Syria’s new rulers are one of the parties to the 14-year long conflict. An armed group who led the offensive that toppled Assad. The group started as an offshoot of Al Qaeda, went through many transformations over the years, and consolidated its hold over an enclave in the northwestern parts of Syria for the last several years. They come with a history and a big baggage of violations and oppressive practices. They say they have changed, that their aim is to build a country for all Syrians, a country of freedom, equality and justice. However, their practices and policies so far send mixed signals about the sincerity of those talks and the real intentions of those holding the main keys to power. Attempts to control the narrative and obscure parts of the story are evident and alarming. A national dialogue was hastily organized, poached in a half-day agenda and later celebrated as an achievement. Many senior officials from the Assad regime, some with proven criminal records, have been granted an amnesty and a seat at the table without any transparent due process.

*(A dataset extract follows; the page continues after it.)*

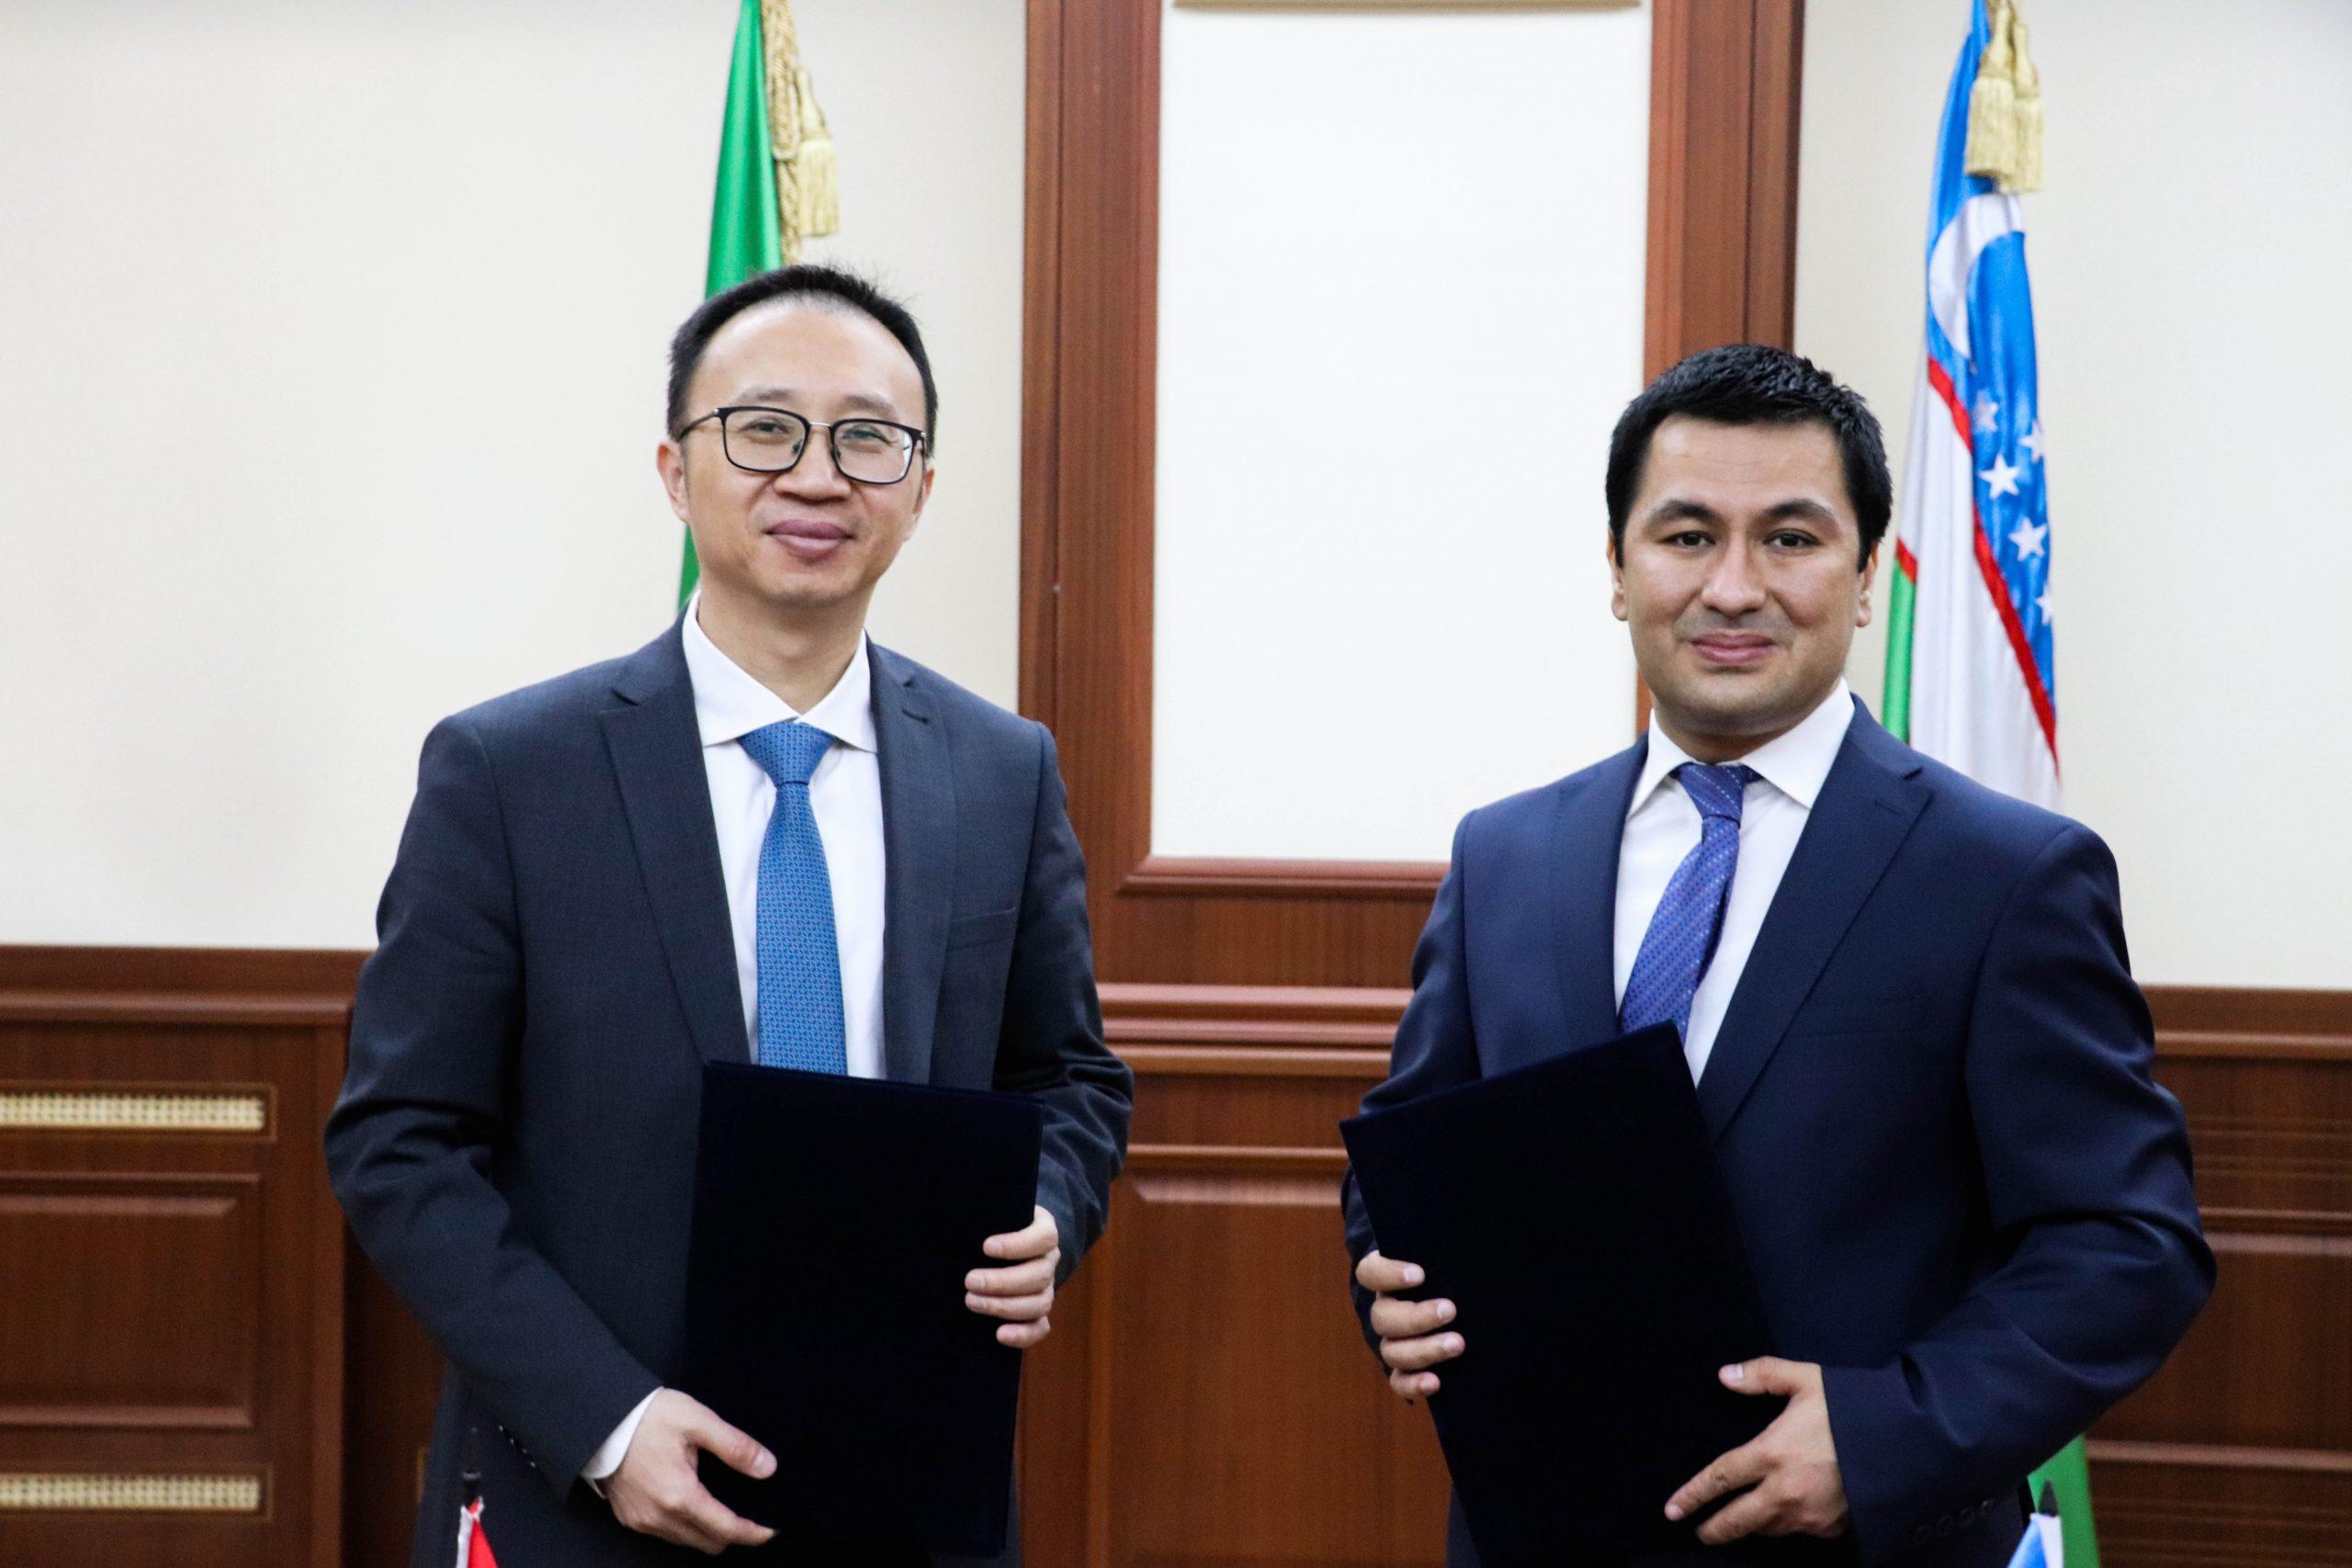 """Toshkent shahridagi Turin Politexnika Universiteti va """"Huawei Tech Investment Tashkent"""" MChJ o'rtasida o'zaro anglashuv memorandumi imzolandi."""

Three months after the fall of the regime, government-aligned groups committed mass atrocities against religious minorities, killing thousands in the matter of days, without yet any signs of accountability. Almost six months after taking power, the new transitional government announced the formation of a transitional justice commission, whose mandate was limited to crimes committed by the Assad regime. Already, before officially starting its work, the commission has deprived victims of other actors from the right to justice.
As the saying goes, “history is written by victors”; and yes, victors, in the traditional sense, have the agency and power to write their version of history. In this story the real victors are us, the Syrian people; the men and women who endured through decades of fear, the victims of all tyrannies, the children who grew up with the sounds of war, the youth who spent their formative years in displacement or exile, and the voiceless who never got the chance to tell their stories.
I asked: who gets to write our history, and who gets to decide what goes into it? And here lies the answer: we should all have the right to contribute to this history, to share our memories, collections and thoughts. To build our personal, family, community, and national archives. To have the space to narrate our tales, and listen to those of others. We all have the right to resist a story written only by the force of weapons.
My generation grew up on a history that was mostly forged. We now have the responsibility of ensuring that the upcoming generation reads a history that’s more truthful. A history that’s not written in one single voice, nor dictated by those who’ve secured power. A story of plurality, richness and diversity.